Participants from the Music for Youth in Cincinnati's (MYCincinnati's) free youth orchestra program in Price Hill.

CCM Hosts Gathering of Midwestern “El Sistema” Inspired Programs This Weekend

This Saturday, May 9, CCM will welcome “El Sistema” inspired programs from throughout the region for the Fourth Annual Midwestern Seminario.

Hosted by CCM’s Preparatory Department and Office of Community Engagement, the event will draw nearly 200 young performing artists who are involved in programs inspired by “El Sistema,” Venezuela’s National Network of Youth and Children Orchestras. Over the past 35 years, El Sistema has evolved into a world-renowned youth development program, which uses music as a vehicle for social change. El Sistema’s success in helping children build better futures has led to the creation of similar programs in over 30 countries around the world.
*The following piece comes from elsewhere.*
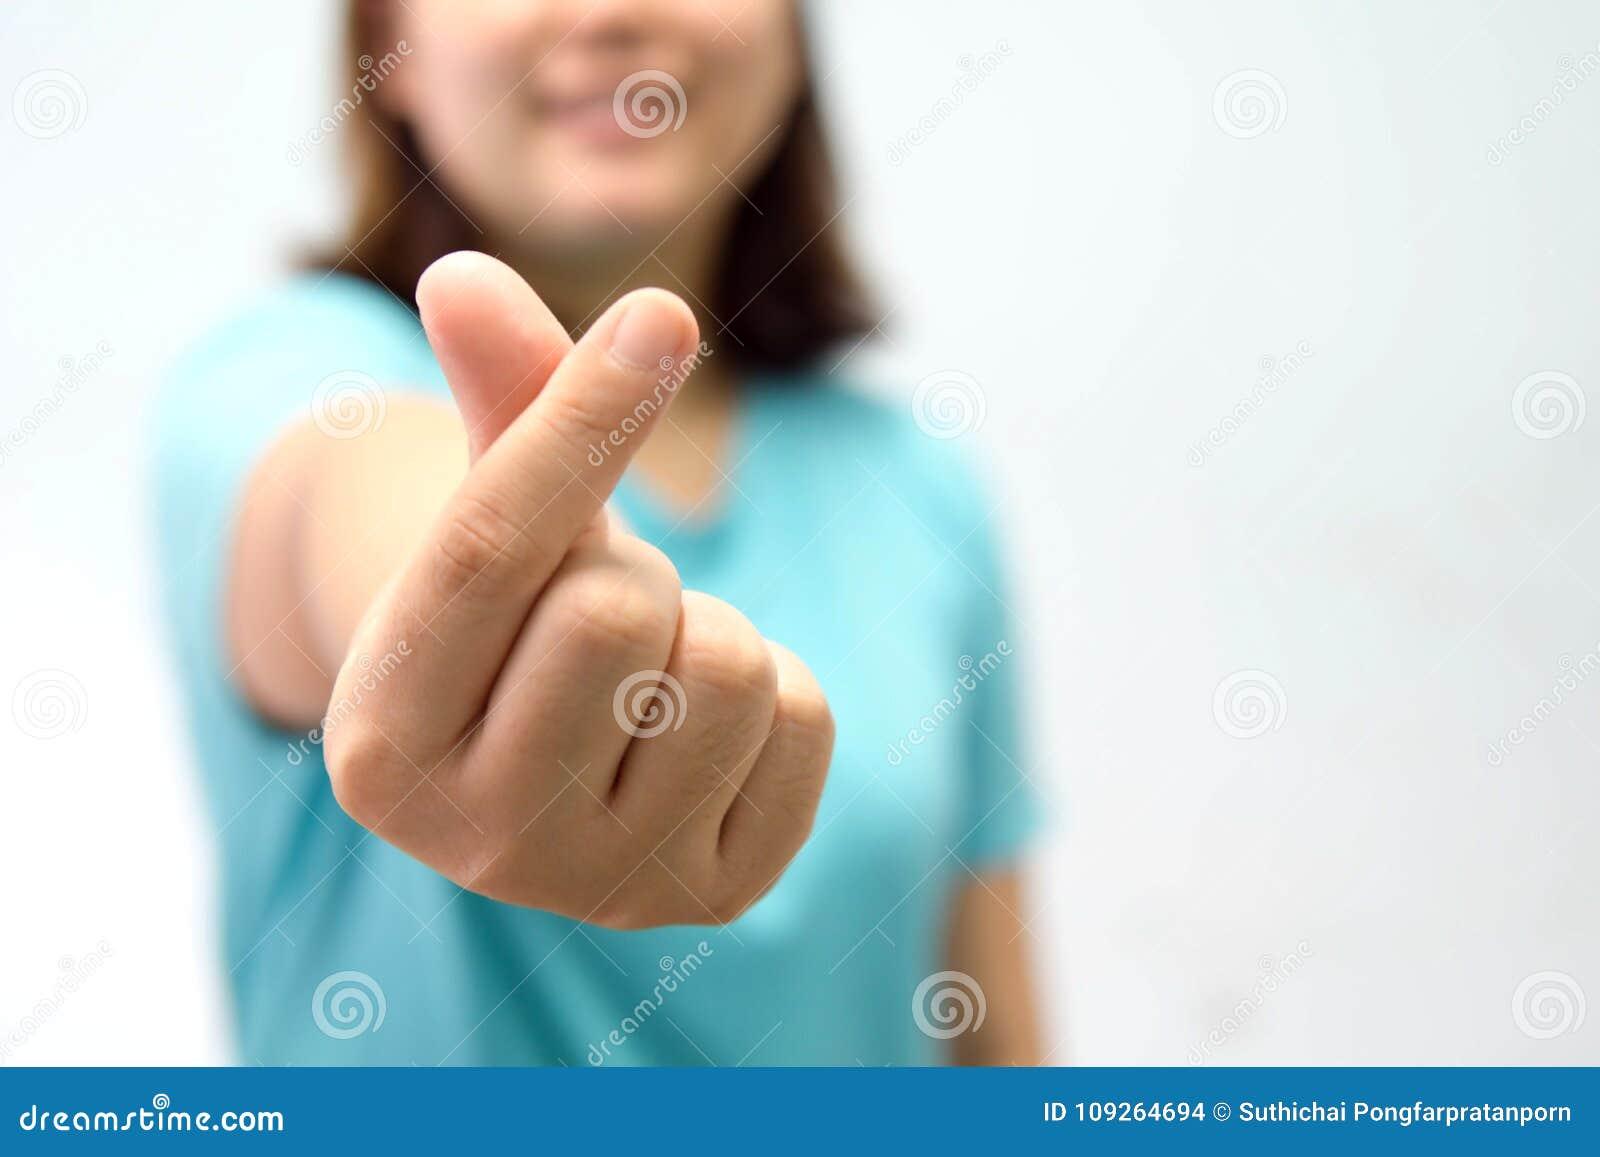 A woman do finger sign, call
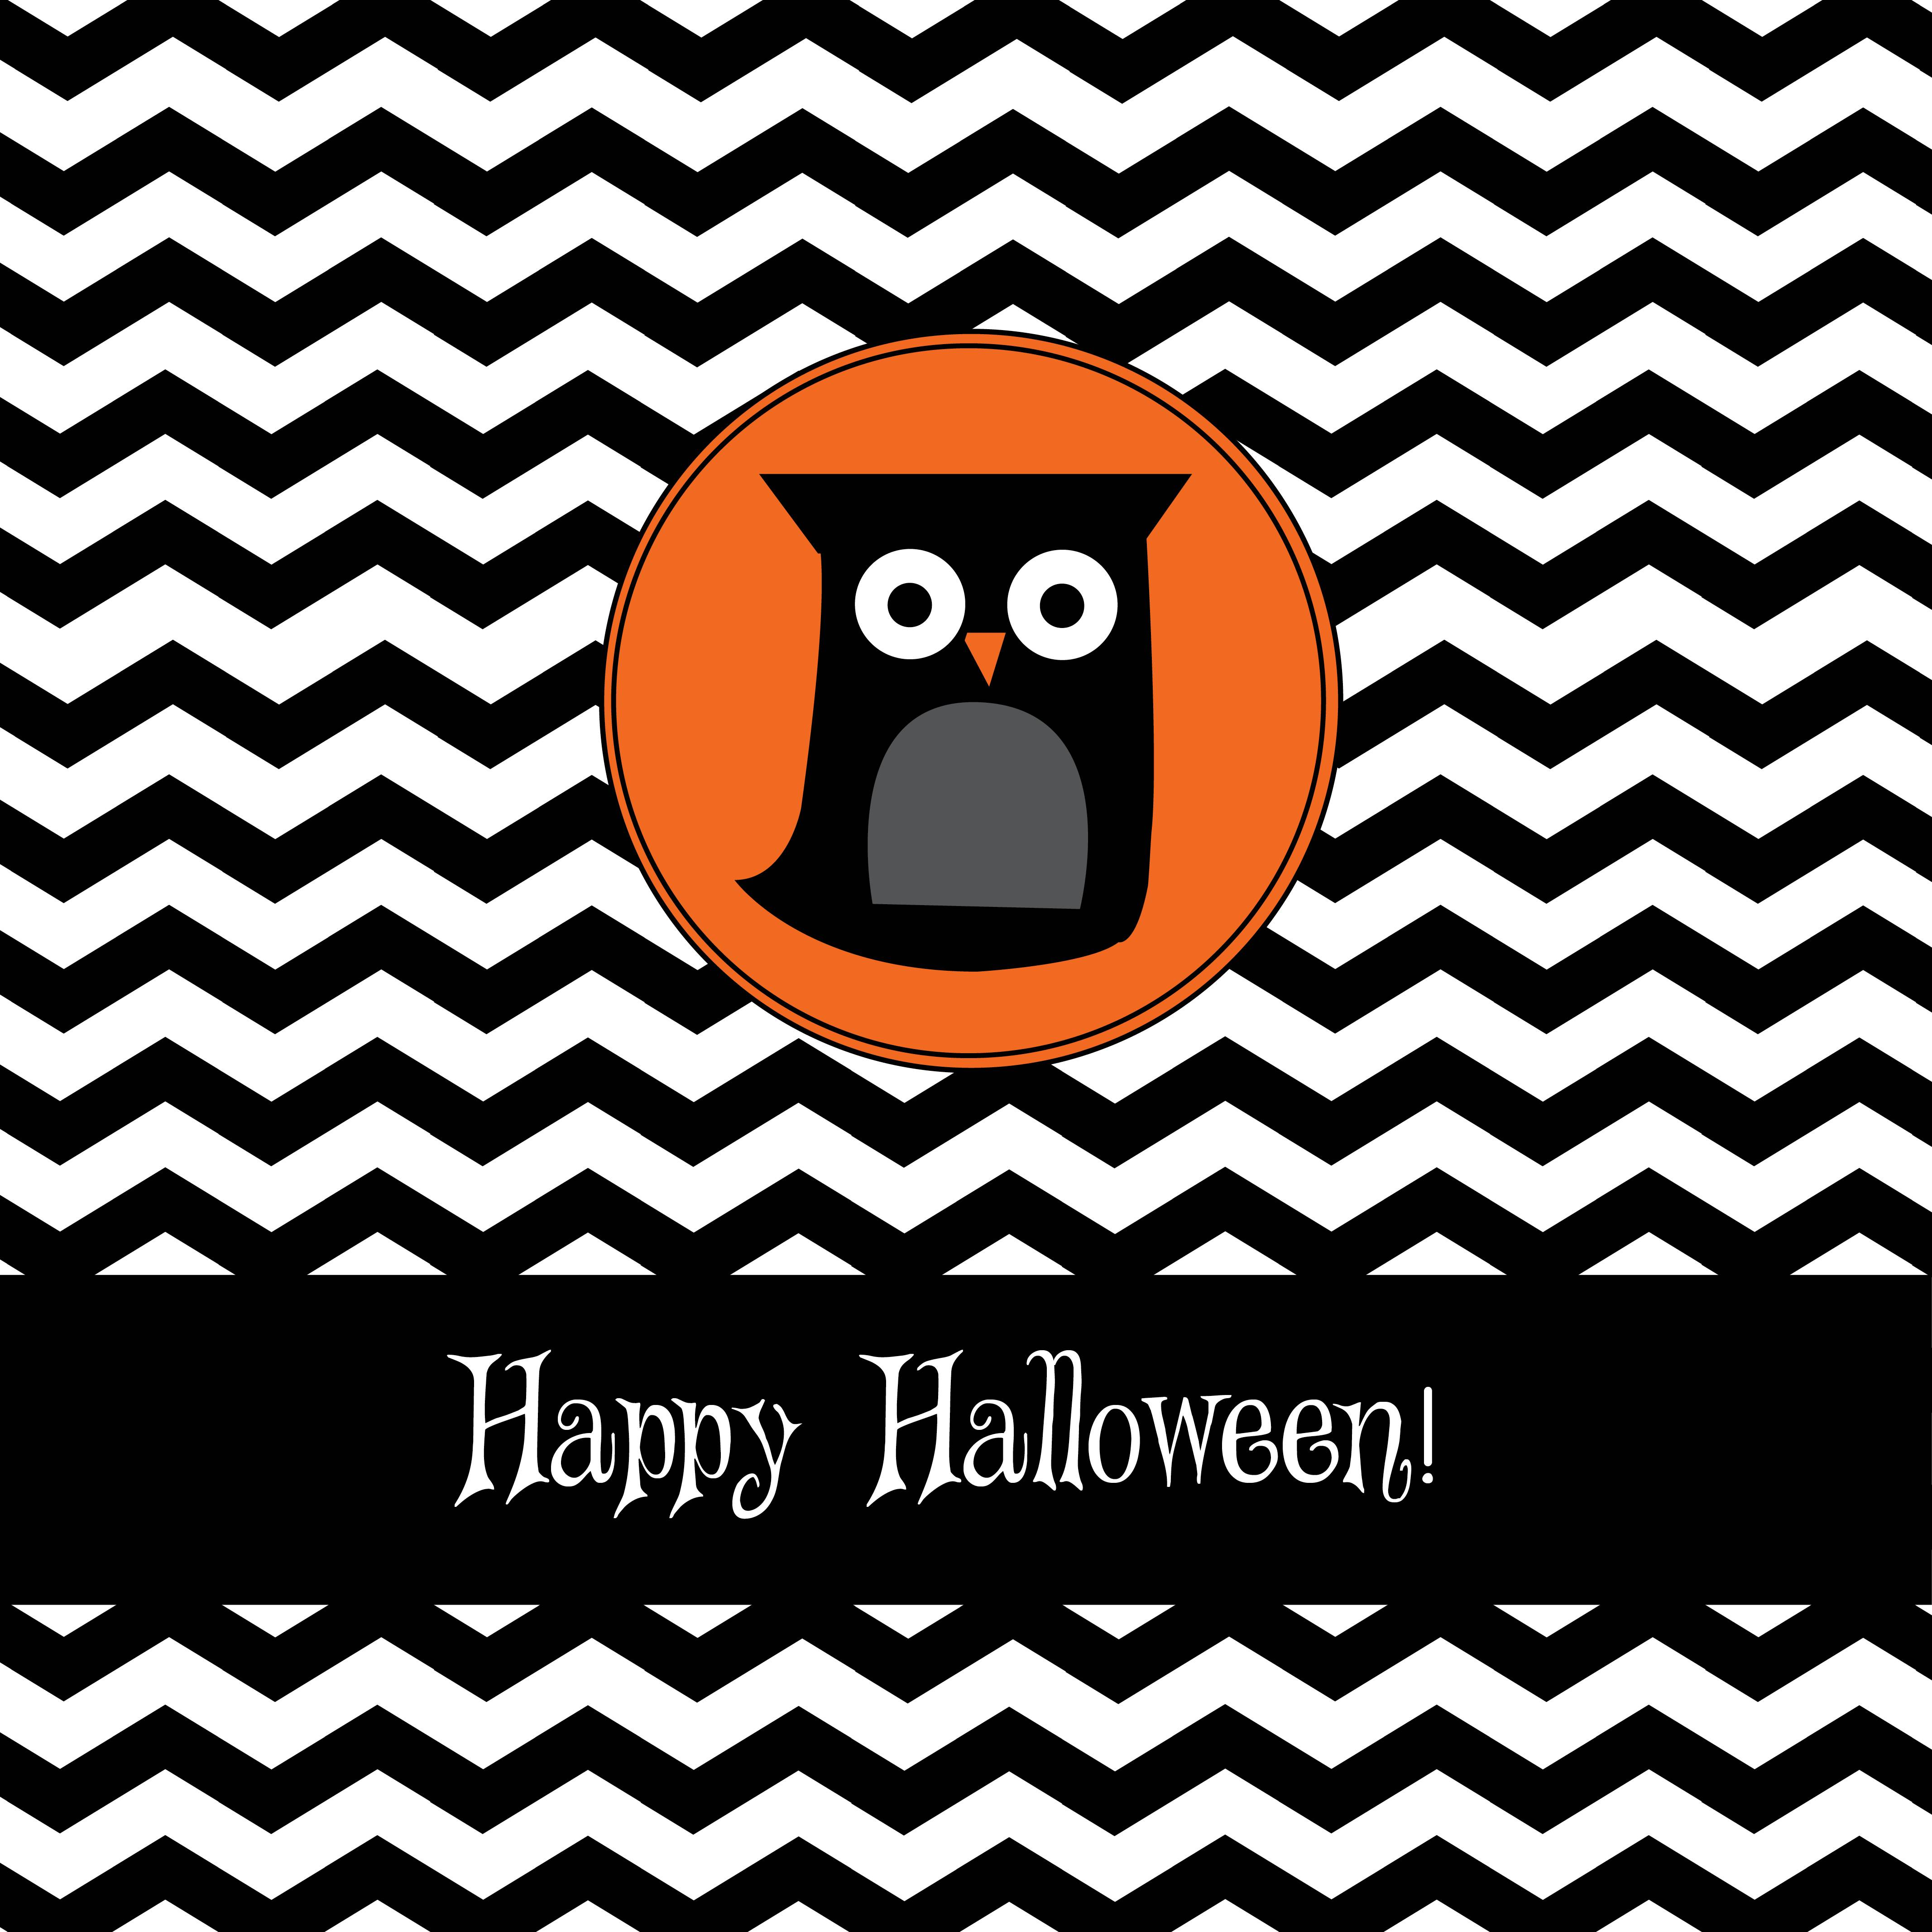 Cute Girly Halloween Wallpapers   Top Cute Girly Halloween 4267x4267

Participating programs include North Limestone Music Works (Lexington, KY), Shift: Englewood Youth Orchestra (Chicago), Q the Music (Dayton, Ohio), MYCincinnati (Cincinnati) and the Avondale Youth Orchestra (Cincinnati).

The Seminario‘s guest speakers will include CCM Dean Peter Landgren and UC President Santa J. Ono.

The program on Saturday, May 9, will culminate with a participant’s concert at 4 p.m. in CCM’s Corbett Auditorium. The concert is free and open to the general public!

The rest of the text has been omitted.